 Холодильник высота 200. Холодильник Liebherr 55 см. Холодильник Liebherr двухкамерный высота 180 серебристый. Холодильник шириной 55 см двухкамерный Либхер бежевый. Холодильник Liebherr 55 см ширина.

...

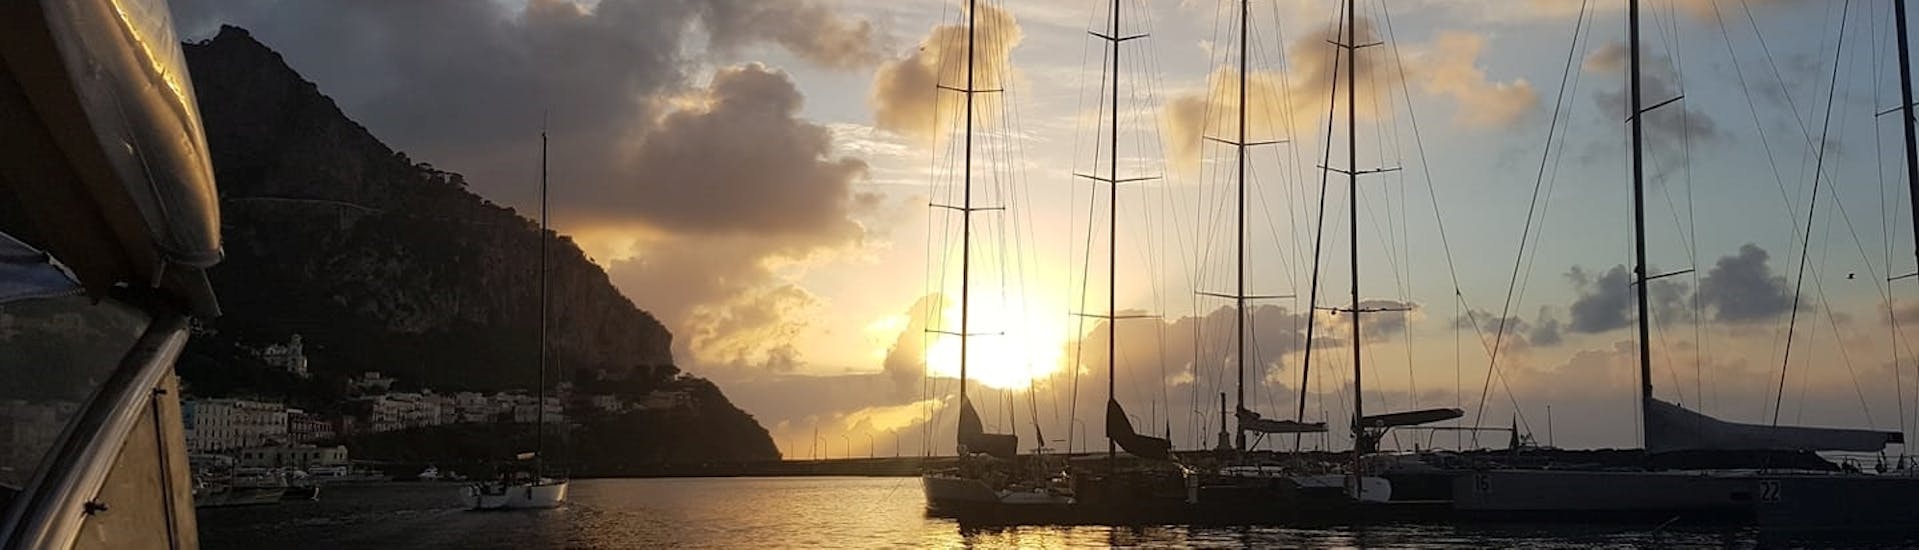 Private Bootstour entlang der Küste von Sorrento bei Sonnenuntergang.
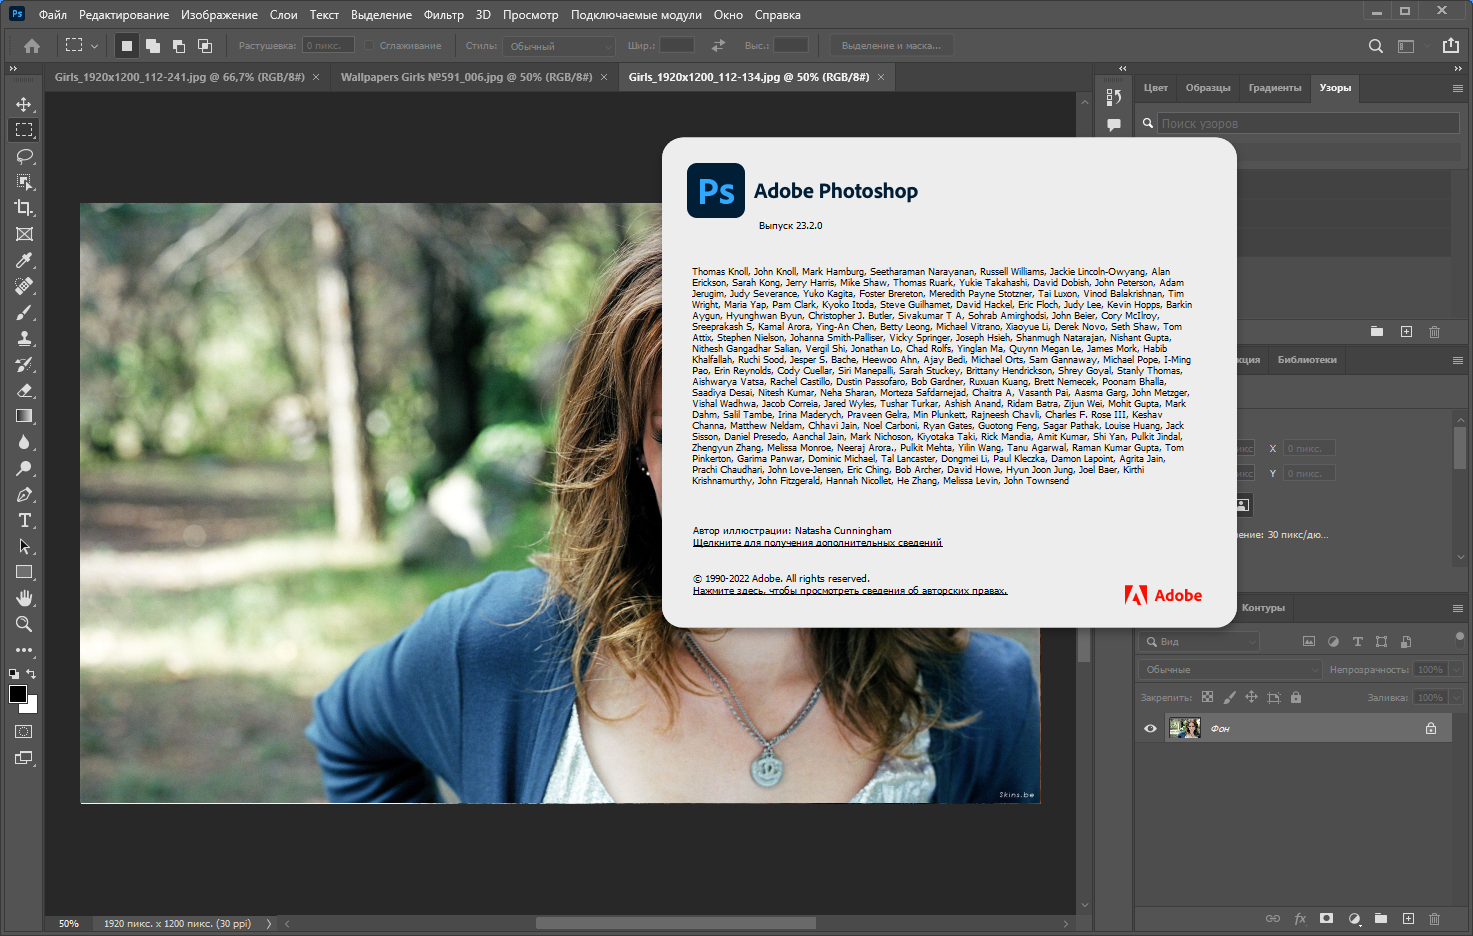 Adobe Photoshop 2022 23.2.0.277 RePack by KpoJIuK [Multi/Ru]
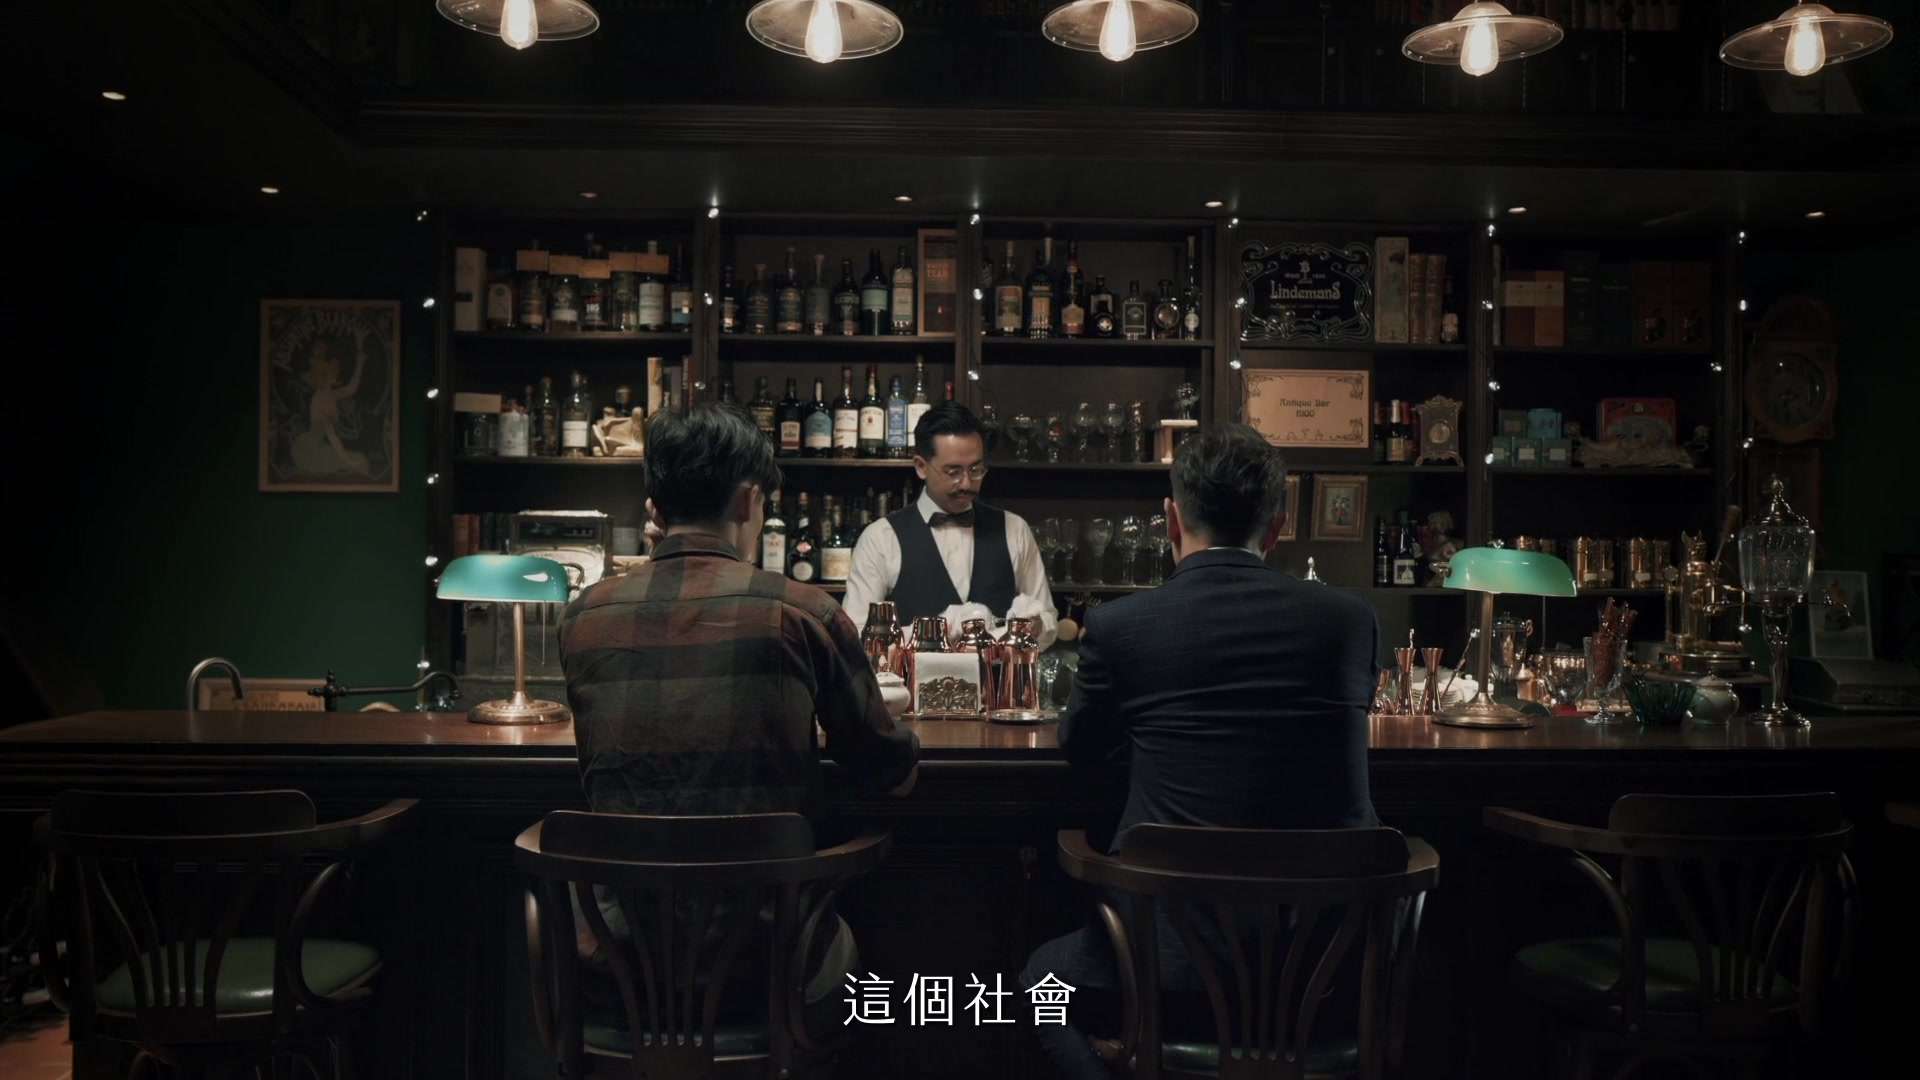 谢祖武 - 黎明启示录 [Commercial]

==

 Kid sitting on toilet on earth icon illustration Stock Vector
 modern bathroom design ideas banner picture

- **Exercise instructions**: From the listing above, return the lines starting at the one with "Kid sitting on" and ending at the one with "modern bathroom design ideas banner picture", both kept, exactly as they appear and nothing more.

- **Your response**:
 Kid sitting on toilet on earth icon illustration Stock Vector
 modern bathroom design ideas banner picture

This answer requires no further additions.